Федор Крюков - Гулебщики. (Очерк из быта стародавнего казачества) Страница 2
- Категория: Проза / Классическая проза
- Автор: Федор Крюков
- Год выпуска: неизвестен
- ISBN: нет данных
- Издательство: неизвестно
- Страниц: 6
- Добавлено: 2018-12-12 22:52:24
Федор Крюков - Гулебщики. (Очерк из быта стародавнего казачества) краткое содержание
Прочтите описание перед тем, как прочитать онлайн книгу «Федор Крюков - Гулебщики. (Очерк из быта стародавнего казачества)» бесплатно полную версию:Федор Крюков - Гулебщики. (Очерк из быта стародавнего казачества) читать онлайн бесплатно
— А то што же? — мрачно сказал Филюшка и, желая хоть чем-нибудь досадить Непочатихе, кинул свою шапку вверх и сказал:
— Я, дядя Никита!
— Ну, вот молодец! вот нас и хватить!.. завтра уторком и тронемся, — заговорил Никита: — а теперь, ребята, ставлю угощение… Айда за мной!
И они все трое направились к кабаку. Пьяный безусый казак, которого звали Багром, шел, размахивая руками и шатаясь, толкал плечом Филиппа и показывал ему на девок, говоря: — Хмель тычинку ищет, а девки все казаков… Гляди, как вьются…
Но Филипп, заложив руки назад, гордо прошагал мимо и Не удостоил девок даже взглядом.
В растворенные низенькие двери хаты, в которой был кабак, несся смешанный гул пьяных голосов; иногда вырывалась шумная, нестройная песня, покрывал собою говор, иногда крепкое словцо вылетало наружу и замирало в звонком вечернем воздухе. Кружки казаков, не поместившихся в саном кабаке, сидели на дворе и пили вино, мед и водку. Двор был огорожен старыми, почти упавшими, плетнишками и порос зеленой травой — ползучим подорожником, круглолистым копеечником и жгучкой.
— Тут народу — руки не пробьешь! — говорил старик Никита, заглядывая в дверь кабака: — ну, погодите, ребятушки, я пойду к Федосею, переговорю — он нам посудинку даст, мы и тут разопьем…
— И то правда!.. Много раз лучше!.. — пьяным, восторженным голосом воскликнул Багор. Филипп безмолвно с ним согласился, Никита исчез за дверью и скоро вышел назад, неся глиняный обливной бочонок и стаканчик из белой жести.

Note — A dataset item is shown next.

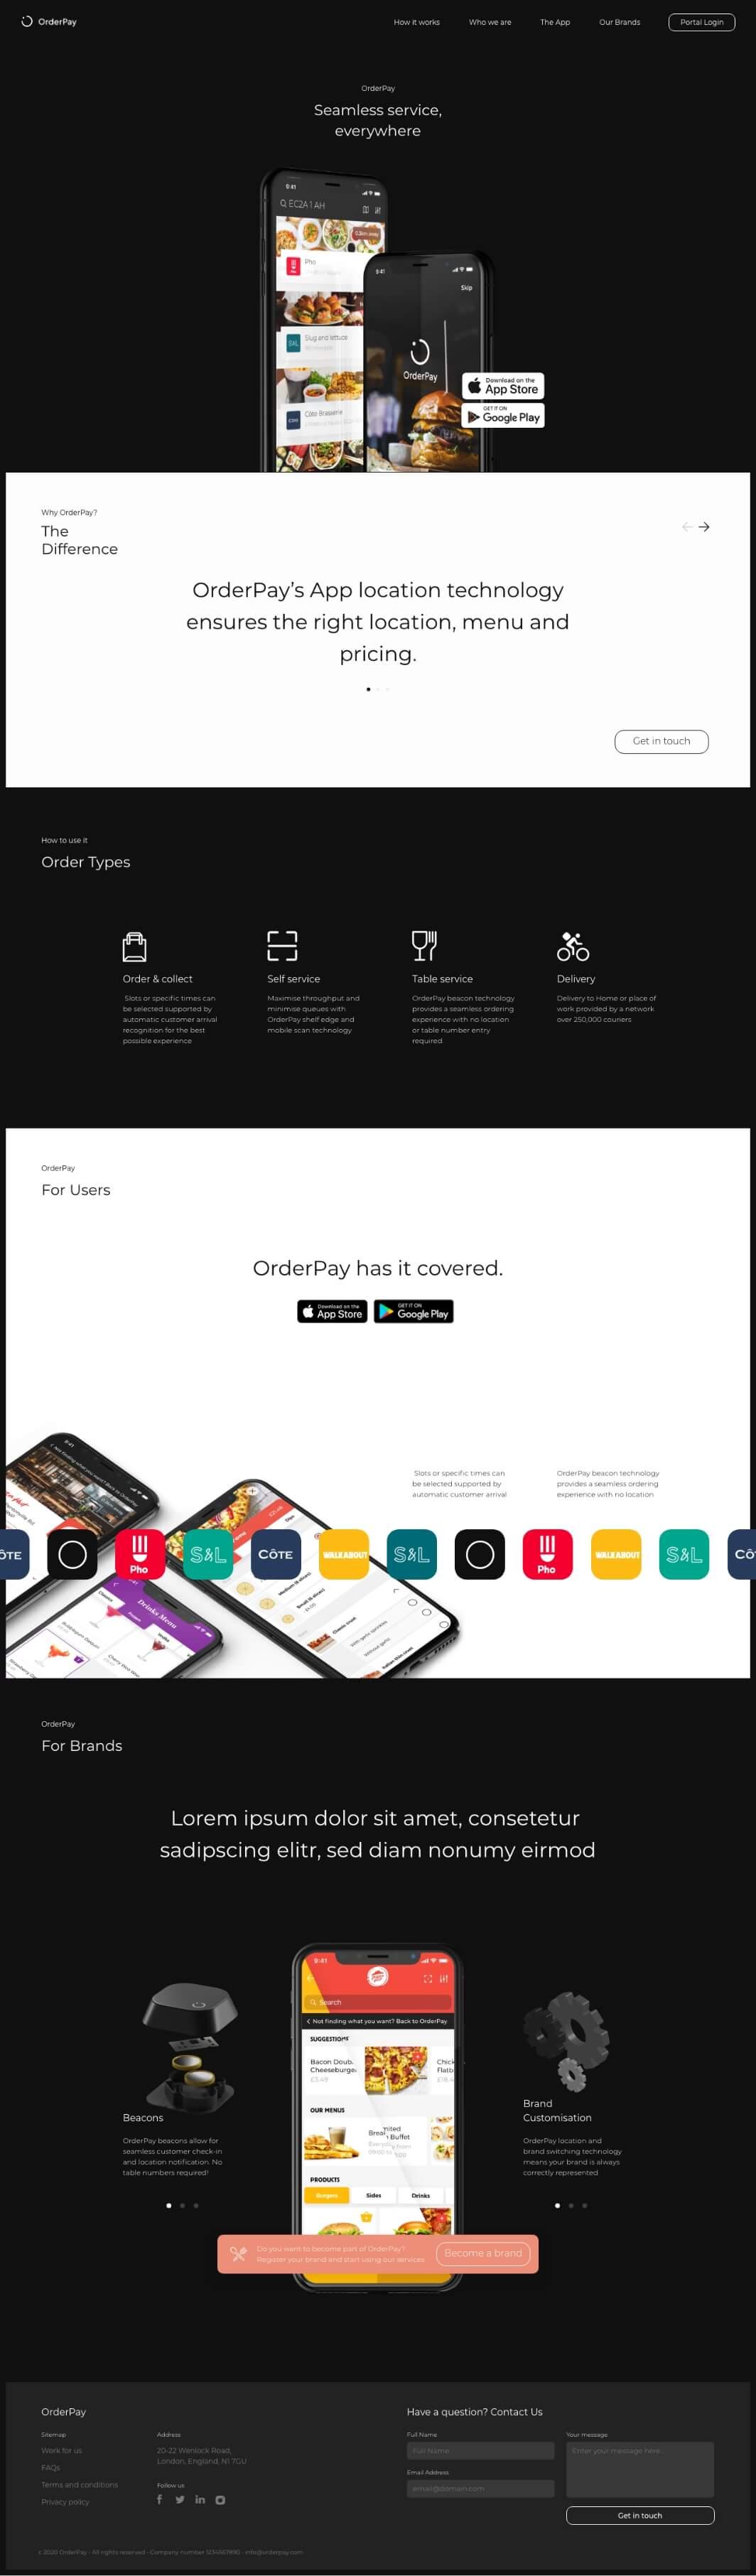 Orderpay website screen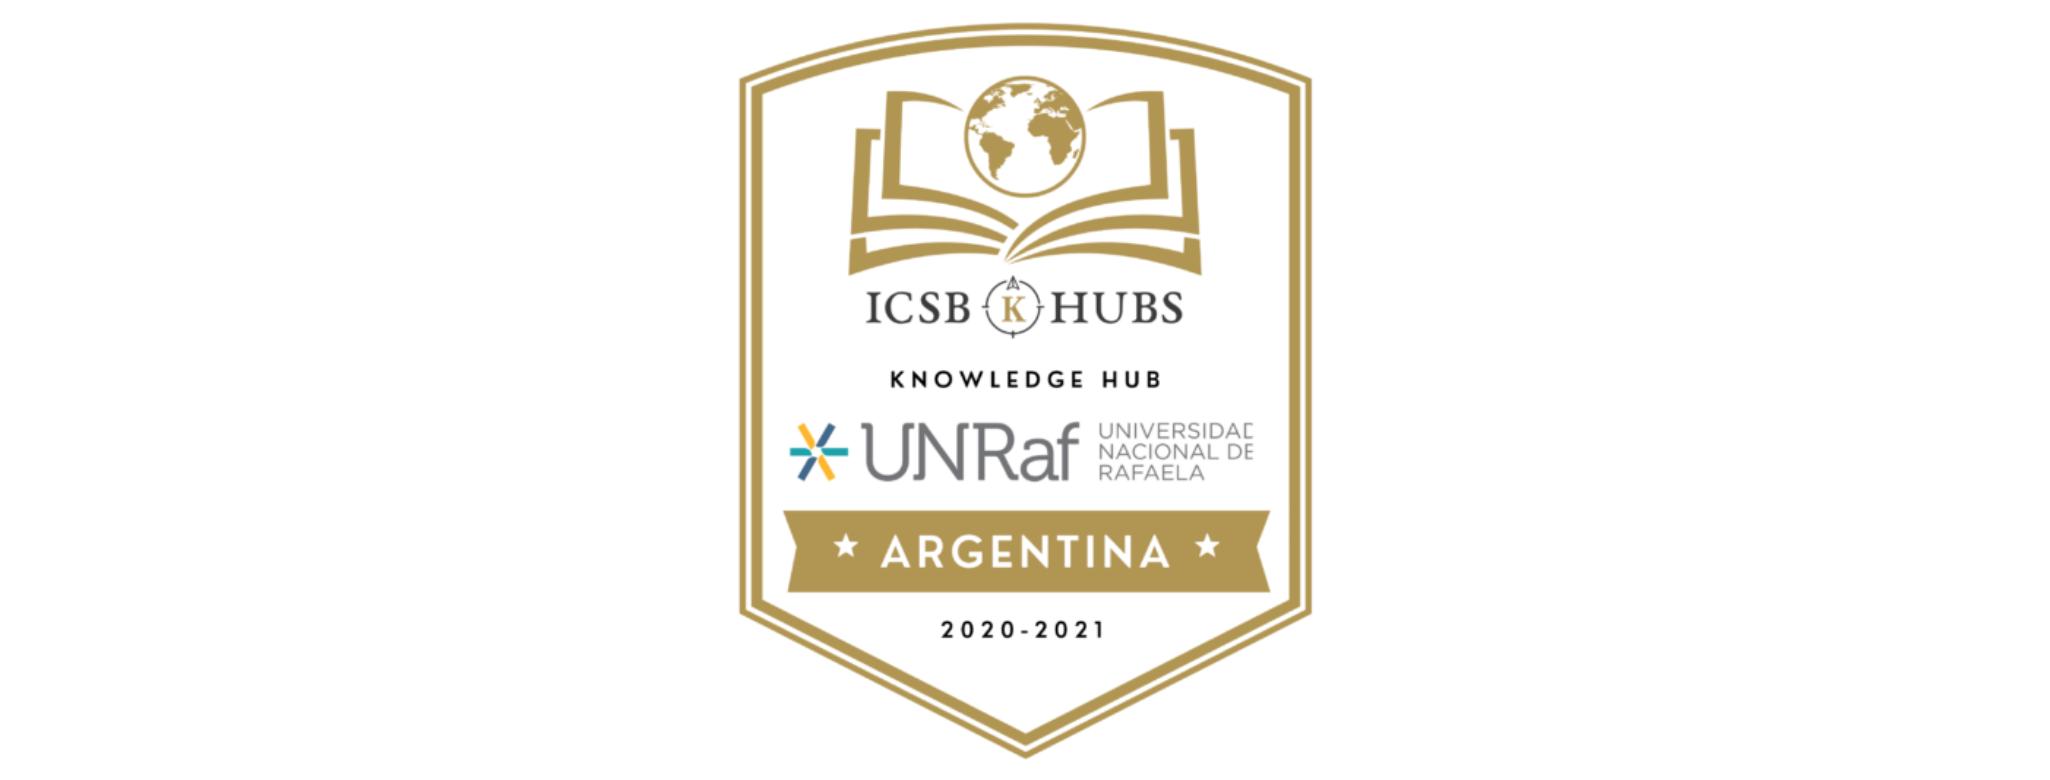 UNRAF ICSB KHUB

— Ну, вот! ну, вот! — радостно воскликнул Багор и, шатаясь, пошел за ним в угол двора. Филипп заглянул было сам в кабак, думая употребить свои три алтына, но не мог протесниться к стойке и счел за лучшее последовать за Багром и Белоусом.
— Ну, хватим, ребята, — сказал Белоус, налив водки: — чтоб Бог удачи послал!.. Дай, Господи, во святой час да во счастливой!..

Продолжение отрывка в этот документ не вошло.